How to extract all words in string

Any questions involving matching text strings to patterns - the pattern is called a "regular expression."

Moderator: General Moderators

Post Reply
walter78
Forum Newbie
Posts: 3
Joined: Fri Nov 18, 2005 12:38 pm

How to extract all words in string

Post by walter78 »

Hi!

I'm a novice in regular expressions. May you please show me a way how to extract all the words in string? The string looks as following: “(word1 word2 word3 word4)” (with the surrounding parentheses). I want to get all words in a named group. I know, it’s a not complicated task, but I wasted two evenings for it and it scares me :roll:.

Thank you very much :D
User avatar
hawleyjr
BeerMod
Posts: 2170
Joined: Tue Jan 13, 2004 4:58 pm
Location: Jax FL & Spokane WA USA

Post by hawleyjr »

User avatar
Chris Corbyn
Breakbeat Nuttzer
Posts: 13098
Joined: Wed Mar 24, 2004 7:57 am
Location: Melbourne, Australia

Post by Chris Corbyn »

If your string is exactly in the same pattern you showed, it;s just a single metacharacter.

Code: Select all

preg_match_all('/\w+/', $string, $matches);

print_r($matches);
explode() will be quicker but more code since you'll need to use substring() or another explode() to remove the parens.
walter78
Forum Newbie
Posts: 3
Joined: Fri Nov 18, 2005 12:38 pm

Post by walter78 »

Thank you. The code

Code: Select all

preg_match_all('/\w+/', $string, $matches);
works OK if the string contains no parenthesis. But I need to parse the string like (word1 word2 word3 word4). If I put the parenthesis in the pattern, the preg_match_all returns false:

Code: Select all

$str = '(word1 word2 word3 word4)';
$res = preg_match_all('/\(\w+\)/i', $str, $matches);

if ($res)
  print_r($matches);
I can't use the explode function in this case because actually I need to perform more complicated parsing than just searching for separated words. I just need some starting point.

Thank you again.
User avatar
Chris Corbyn
Breakbeat Nuttzer
Posts: 13098
Joined: Wed Mar 24, 2004 7:57 am
Location: Melbourne, Australia

Post by Chris Corbyn »

Do you need to check that the parens are actually there? Just leave them out of the regex if not.... \w+ alone was enough.

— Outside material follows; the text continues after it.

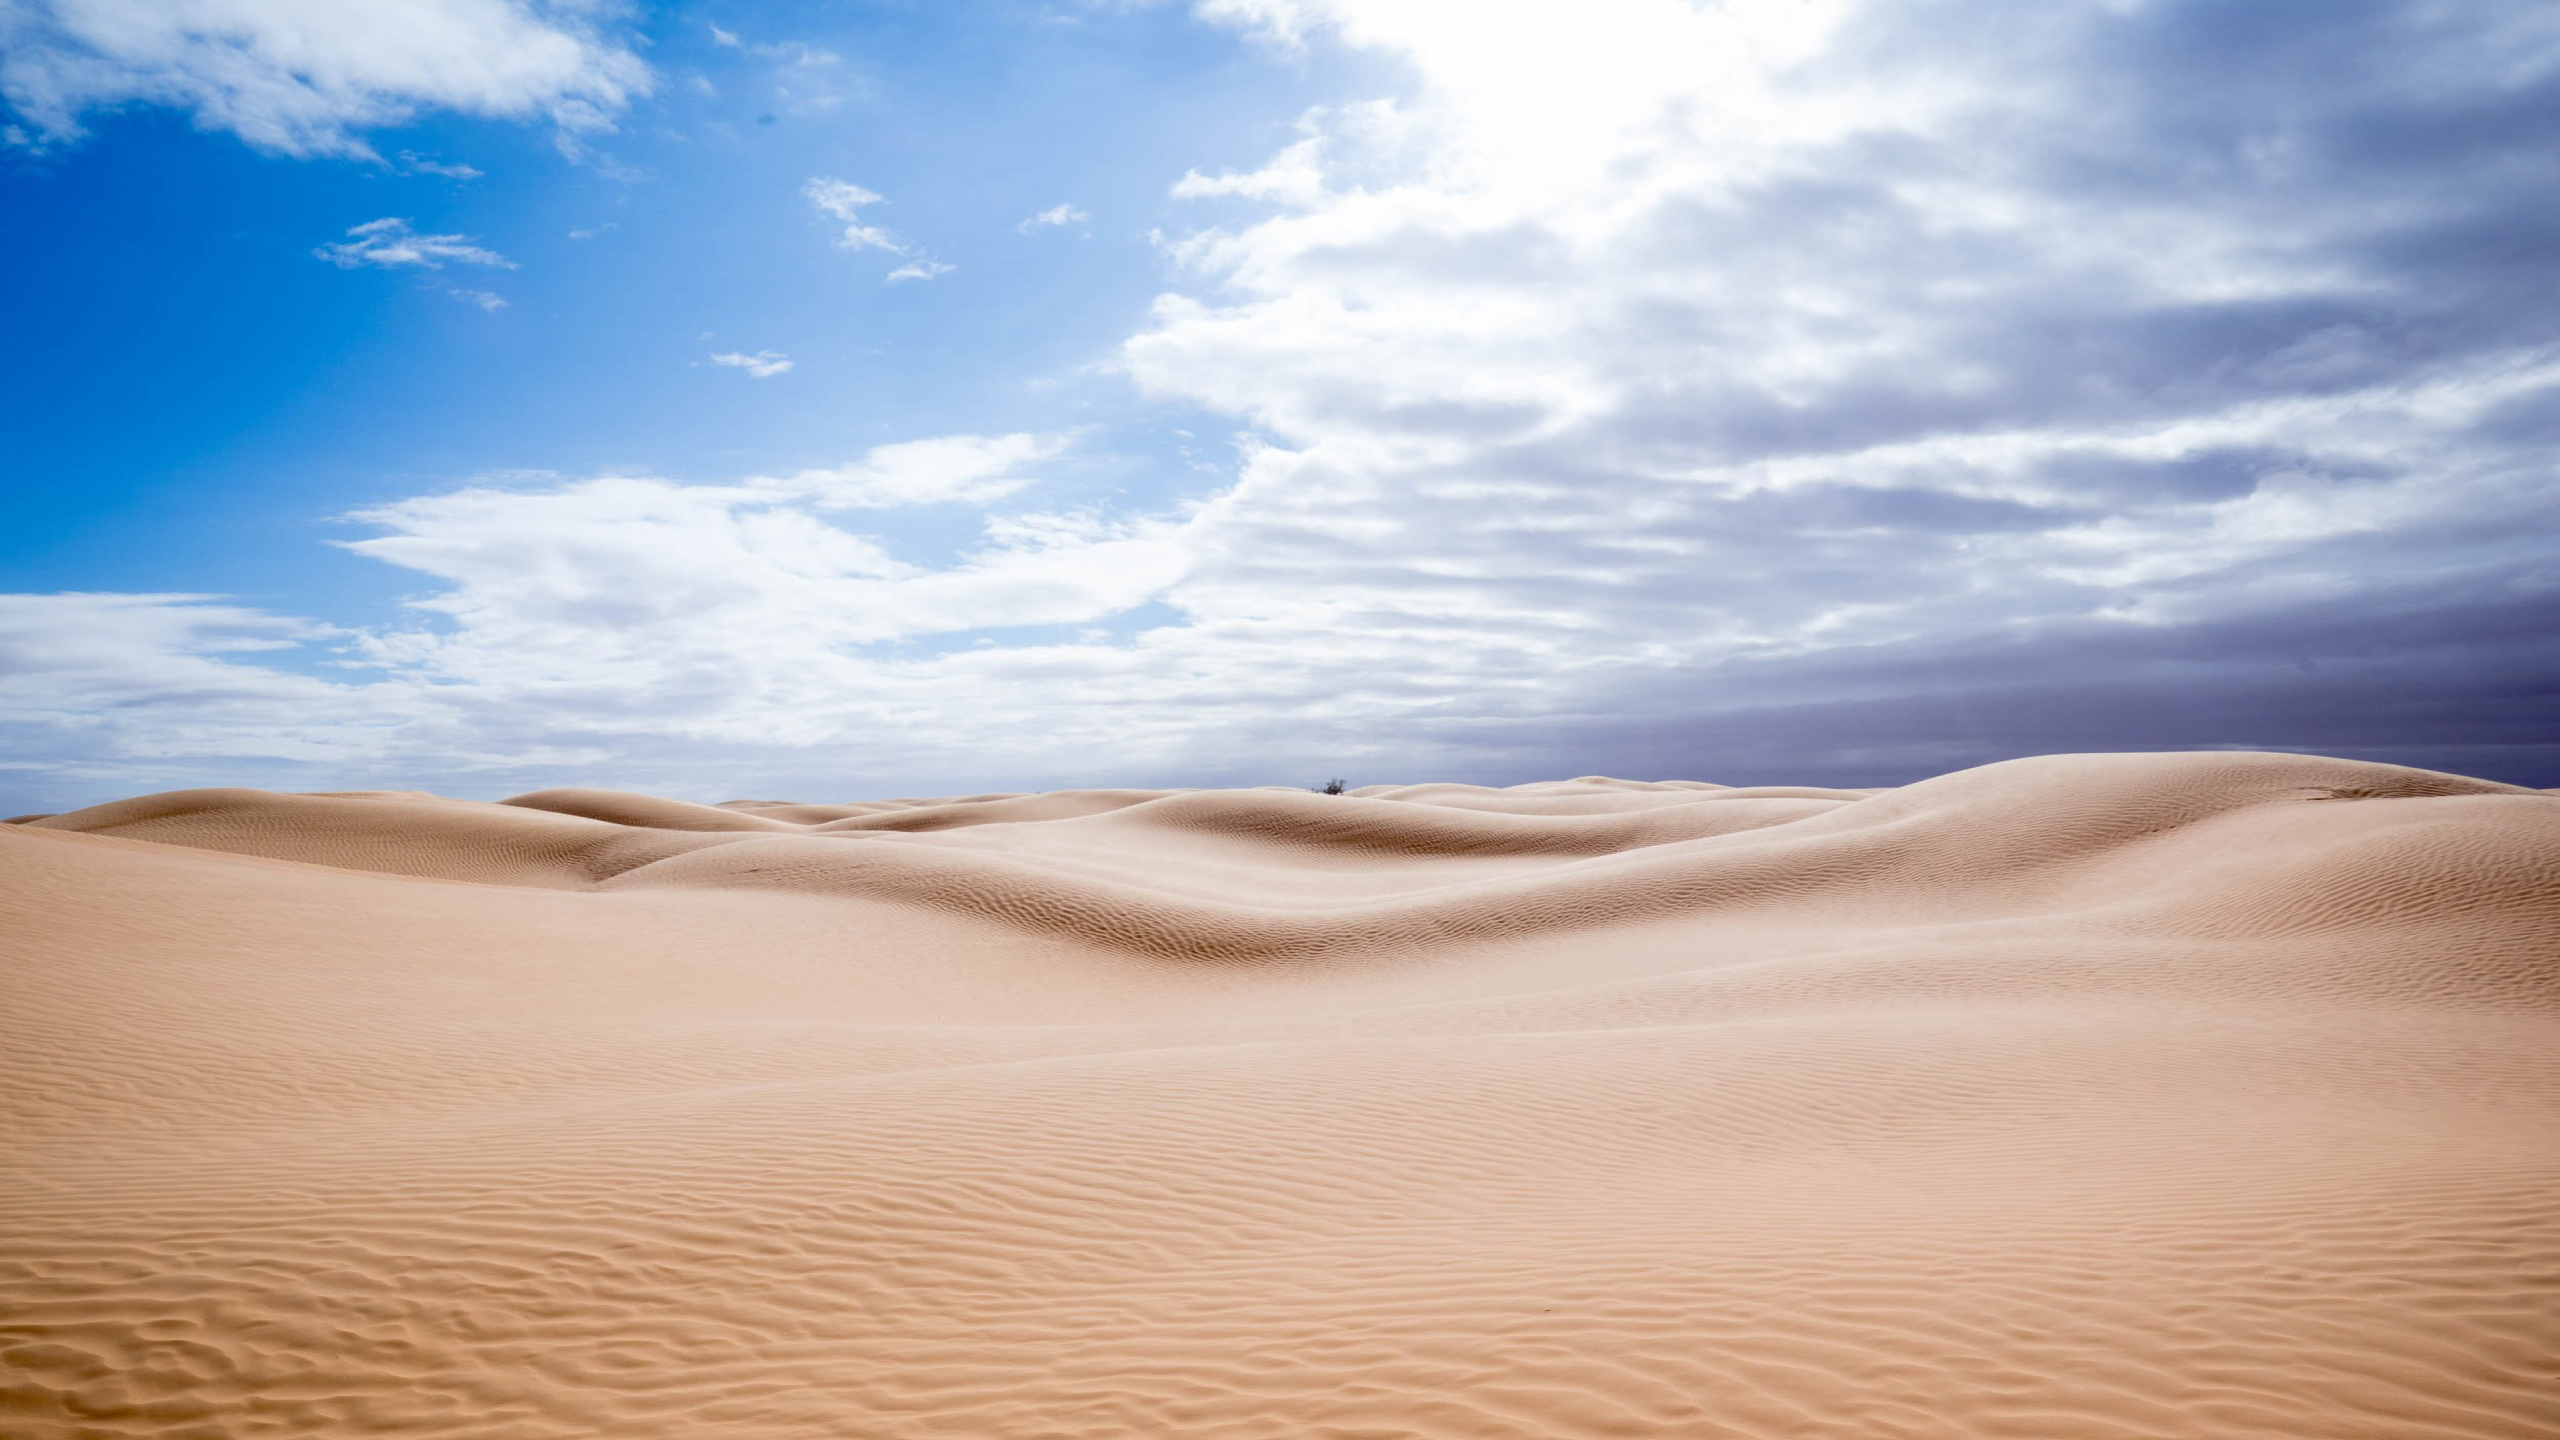 Обои обои пустыня песок солнечный свет - бесплатные картинки на Fonwall

If you do need to check for their existence I'd do it in two stages... not sure you could extract the individual words otherwise.

Code: Select all

$string = '(word1 word2 word3 word4 word5)';
if (preg_match('/^\(.*?\)$/', $string))
{
    preg_match_all('/\w+/', $string, $matches);
    print_r($matches[0]);
}
else echo 'This string doesn\'t look right.';
foobar
Forum Regular
Posts: 613
Joined: Wed Sep 28, 2005 10:08 am

Post by foobar »

Code: Select all

$words = split('/[\s]+/', $string);
User avatar
Chris Corbyn
Breakbeat Nuttzer
Posts: 13098
Joined: Wed Mar 24, 2004 7:57 am
Location: Melbourne, Australia

Post by Chris Corbyn »

foobar wrote:

Code: Select all

$words = split('/[\s]+/', $string);
The only problem with that is that the parens will be stuck to the first and last word after the split. I'm not sure it can easily be done in one shot..
walter78
Forum Newbie
Posts: 3
Joined: Fri Nov 18, 2005 12:38 pm

Post by walter78 »

OK, thank you, it works!

The fact that I can't check if the parens exists in string and catch the words in the same regexp was suprising for me. I'm trying to port some regular expressions from .NET to PHP. In .NET it is possible to catch all the words in a single match call.

I have another issue now. Is d11wtq said , I can use the

Code: Select all

(preg_match('/^\(.*?\)$/', $string))
code to check if string contains starting and ending parens. Actually I'm trying to catch not just the words, but a key-value pairs enclosed in the parens, like (key1="value1", key2="value2", key3="value3"). I wrote the regular expression for extracting these pairs and it works OK (thank to your forum). The problem now is in checking that the whole string meets the following format: (key1="value1", key2="value2", key3="value3"), in case then it can contain the parenthesis enclosed in quotes: (key1=")"). Currently I'm using the following code for the first check:

Code: Select all

if (preg_match('/\([^\)]*\)/', $string, $matches ))
	{ 
		$string = $matches[0];
		/* extracting key-value pairs from the $string */
	}
It works OK, but it stops if the parens included to the value part of any key-value pairs. May you please advice me anything?

Thank you.
User avatar
Chris Corbyn
Breakbeat Nuttzer
Posts: 13098
Joined: Wed Mar 24, 2004 7:57 am
Location: Melbourne, Australia

Post by Chris Corbyn »

Code: Select all

$string = '(key1="value1" key2="values2" key3="value3" key4="value4" key5="value5")';
if (preg_match('/^\(.*?\)$/', $string)) //Check the opening and closing parens are there
{
    preg_match_all('/\b(\w+)="([^"]+)"/', $string, $matches);
    $key_value_pairs = array_combine($matches[1], $matches[2]); //Use backref 1 as keys and backref 2 as values
    print_r($key_value_pairs);
}
else echo 'This string doesn\'t look right.';
I'm not saying that you can't do it with a single regex but it doesn't spring to mind for me. If you showed me the regex you used in .NET I'd be curious how it worked. These are just standard Perl Style regex... I don't know .NET but I'd hazard a guess that it's POSIX regex or some proprietary MS stuff.
Post Reply